Ron Chismar

Biographical details
- Born: October 23, 1934
- Died: December 26, 1998 (aged 64) Phoenix, Arizona, U.S.

Coaching career (HC unless noted)
- 1970–1973: Bowling Green (assistant)
- 1974–1979: Michigan State (OL)
- 1980–1983: Arizona State (OC/OL)
- 1984–1986: Wichita State
- 1987–1988: Rice (AHC/DC)
- 1989–1992: Temple (AHC/DC)
- 1993–1996: Fort Scott

Head coaching record
- Overall: 8–25 (college) 17–19–2 (junior college)
- Tournaments: 2–4 (KJCCC playoffs)

= Ron Chismar =

American football coach (1934–1998)

Ronald F. Chismar (October 23, 1934 – December 26, 1998) was an American football coach. He served as the head football coach at Wichita State University from 1984 to 1986, compiling a record of 8–25.

Chismar graduated from Kent State University in 1961 with a Bachelor of Science in education and earned a Master of Science degree from the University of Akron in 1969. During the 1960s, he coached high school football in Ohio.

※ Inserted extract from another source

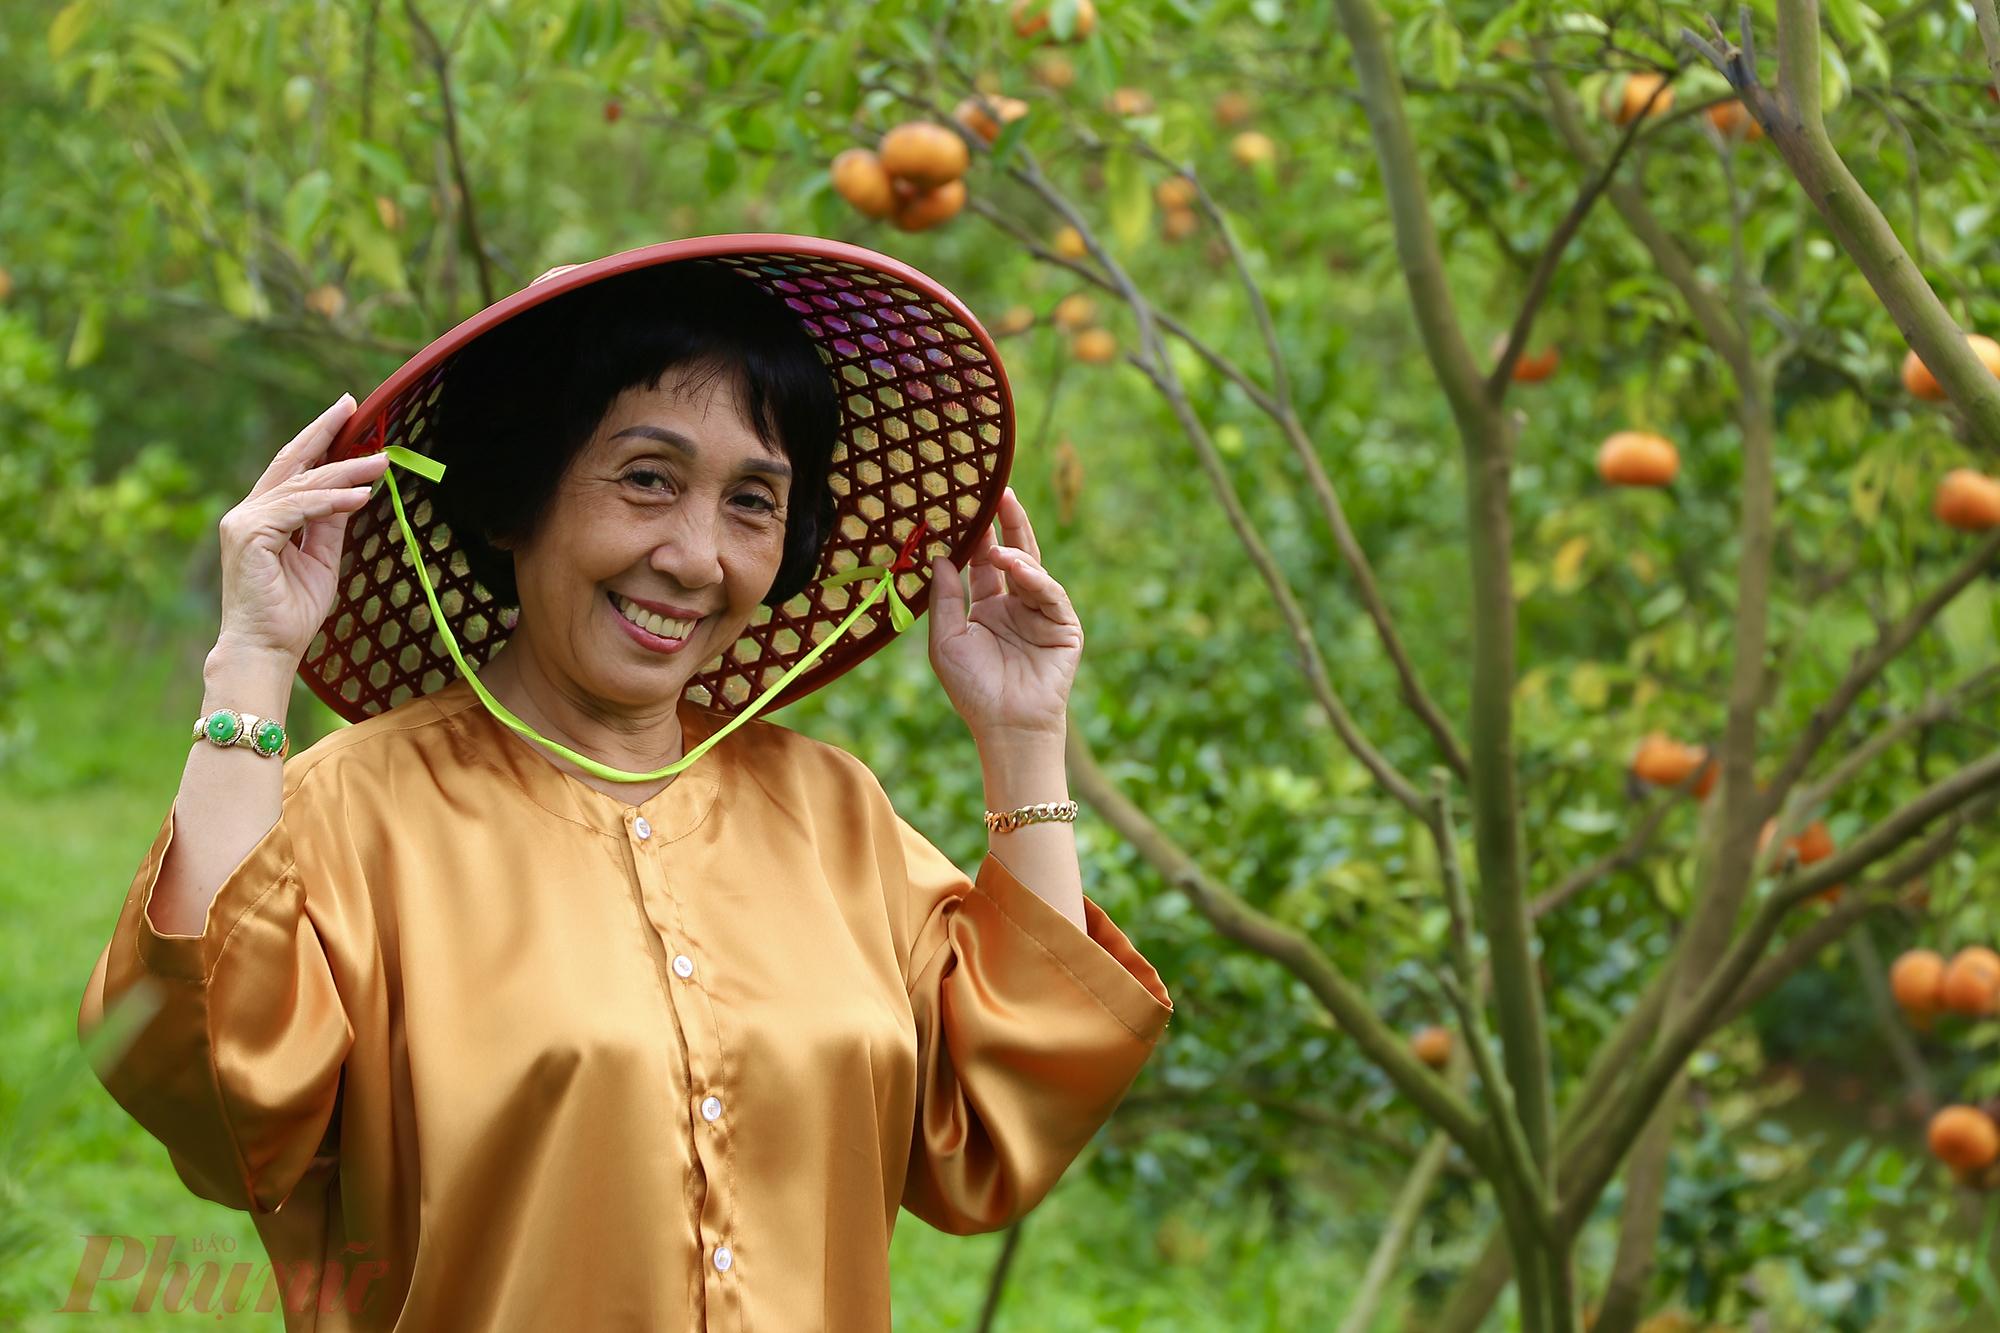 Với sắc vàng cam của quýt, bạn có thể chọn những trang phục màu nổi để khung ảnh thêm vui mắt. Hoặc du khách cũng có thể mặc áo bà ba, đội nón lá để ra chất nông dân miền Tây.

Chismar began his college football coaching career at Bowling Green State University in 1970 as an assistant on Don Nehlen's staff. He remained at Bowling Green through the 1973 season before moving to Michigan State University in 1974 to coach the offensive line under Denny Stolz and then Darryl Rogers. When Rogers's became the head coach at Arizona State University in 1980, Chismar moved with him to serve as offensive coordinator. Chismar helped lead the Arizona State Sun Devils to the 1983 Fiesta Bowl, where they defeated the Oklahoma and finished the season ranked No. 6 in both major polls.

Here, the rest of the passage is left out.